(What you need to do)
Give a verbatim copy of the data, leaving the pictures out.

(Dataset extract)
--- START ---

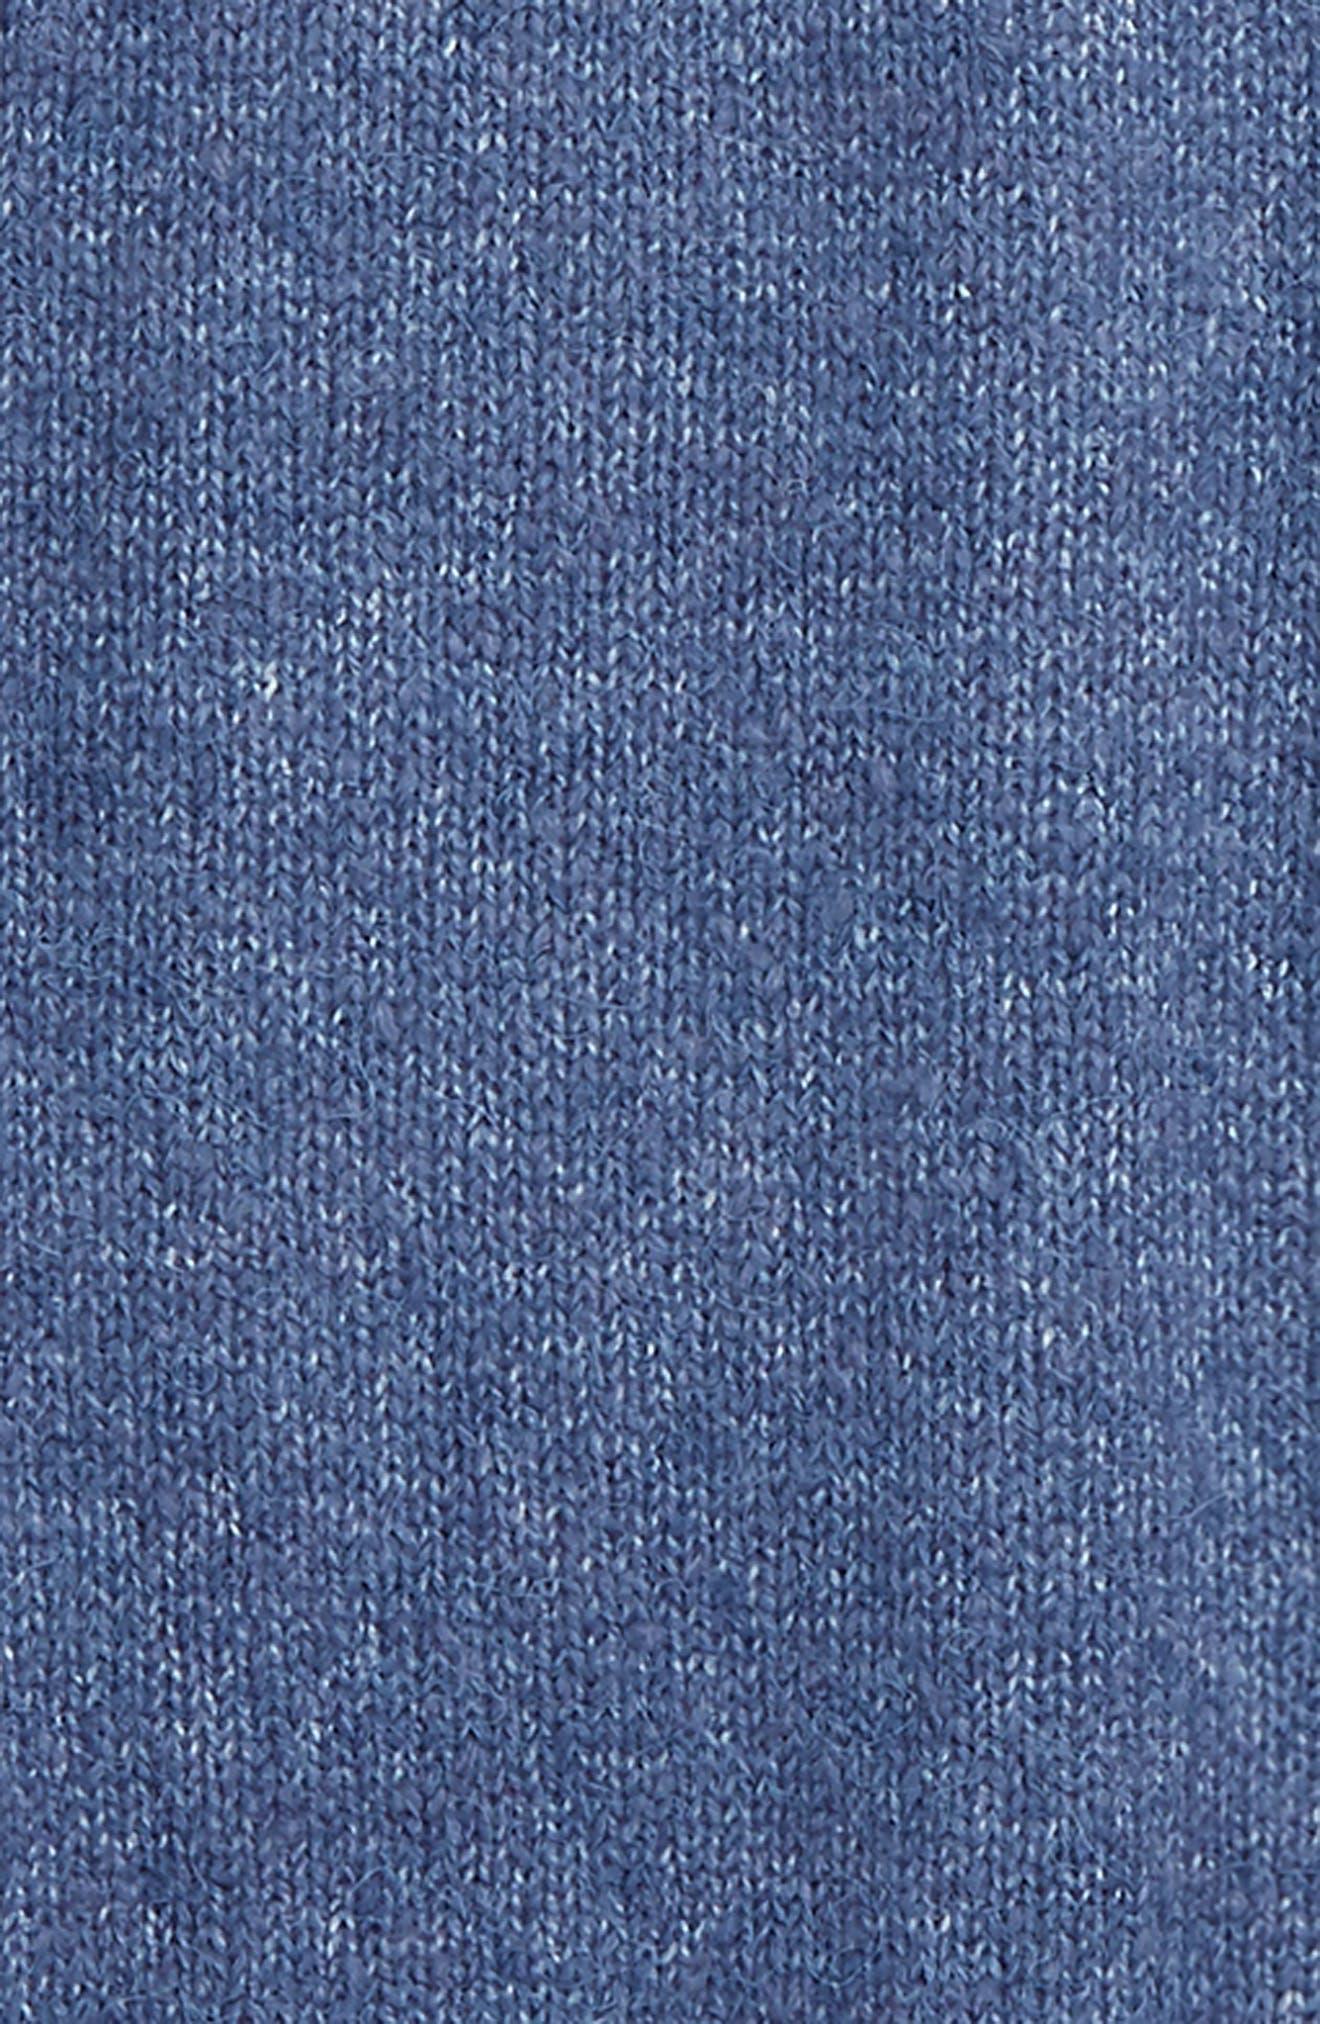 Colorblock Knit Sweater,                             Alternate thumbnail 2, color,                             420
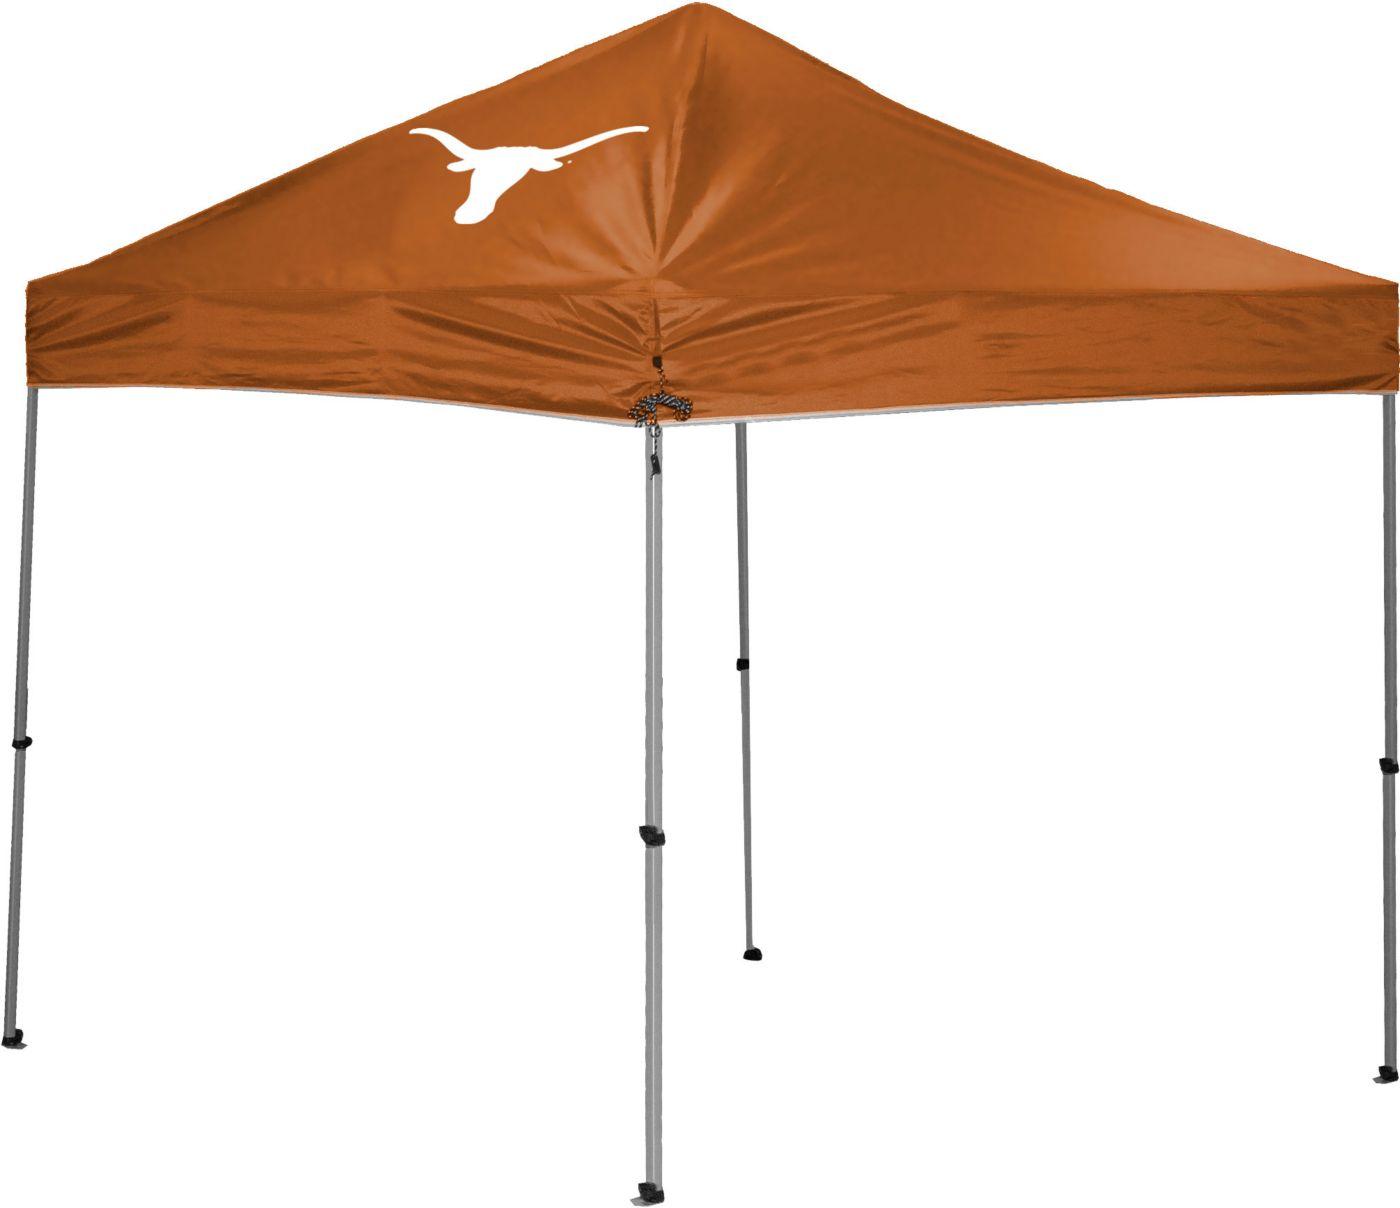 Rawlings Texas Longhorns 9' x 9' Straight Canopy Tent
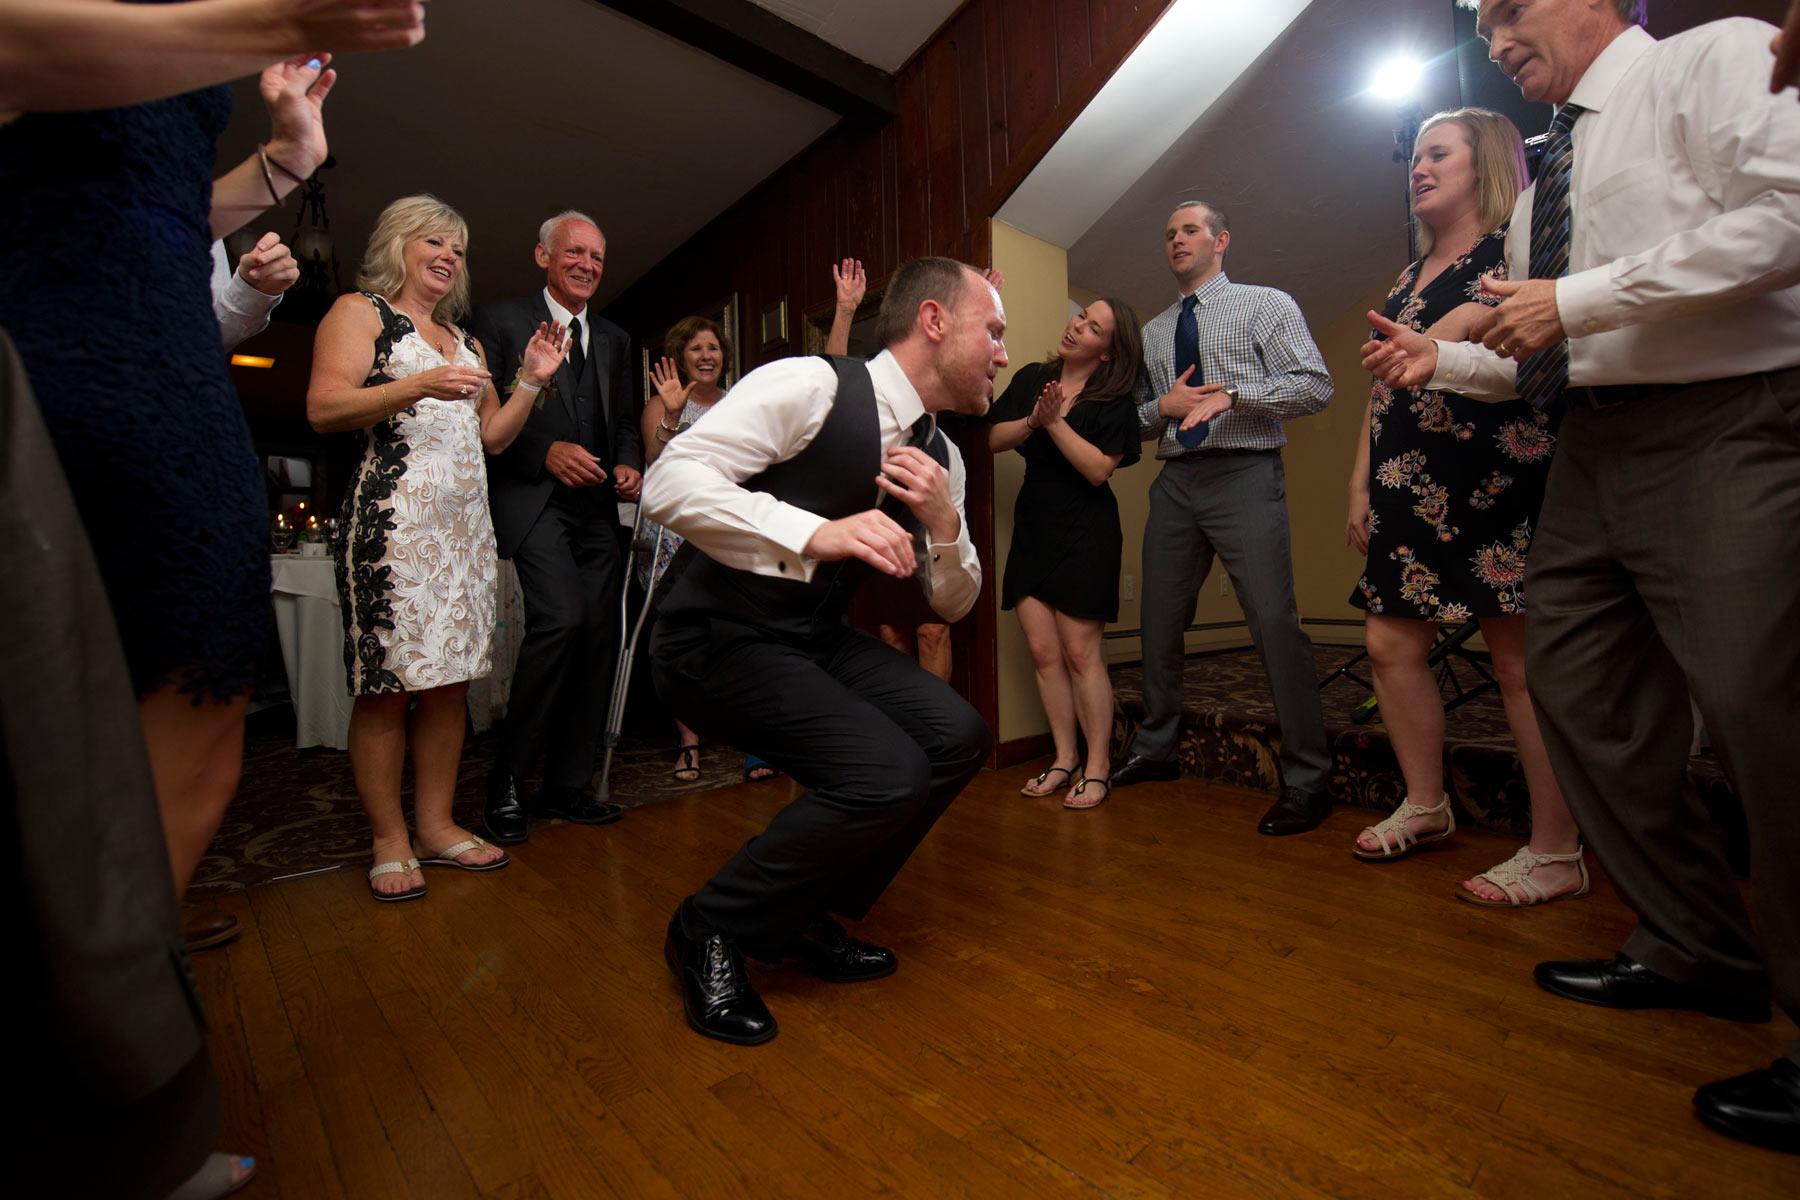 Bucks_County_wedding_photographer_Stroudsmoor_country_inn_wedding_Philadelphia_wedding_photographer_33_dance_breakdown.JPG

--- END ---

(Output for this task)
 Colorblock Knit Sweater,                             Alternate thumbnail 2, color,                             420
 Rawlings Texas Longhorns 9' x 9' Straight Canopy Tent
 Bucks_County_wedding_photographer_Stroudsmoor_country_inn_wedding_Philadelphia_wedding_photographer_33_dance_breakdown.JPG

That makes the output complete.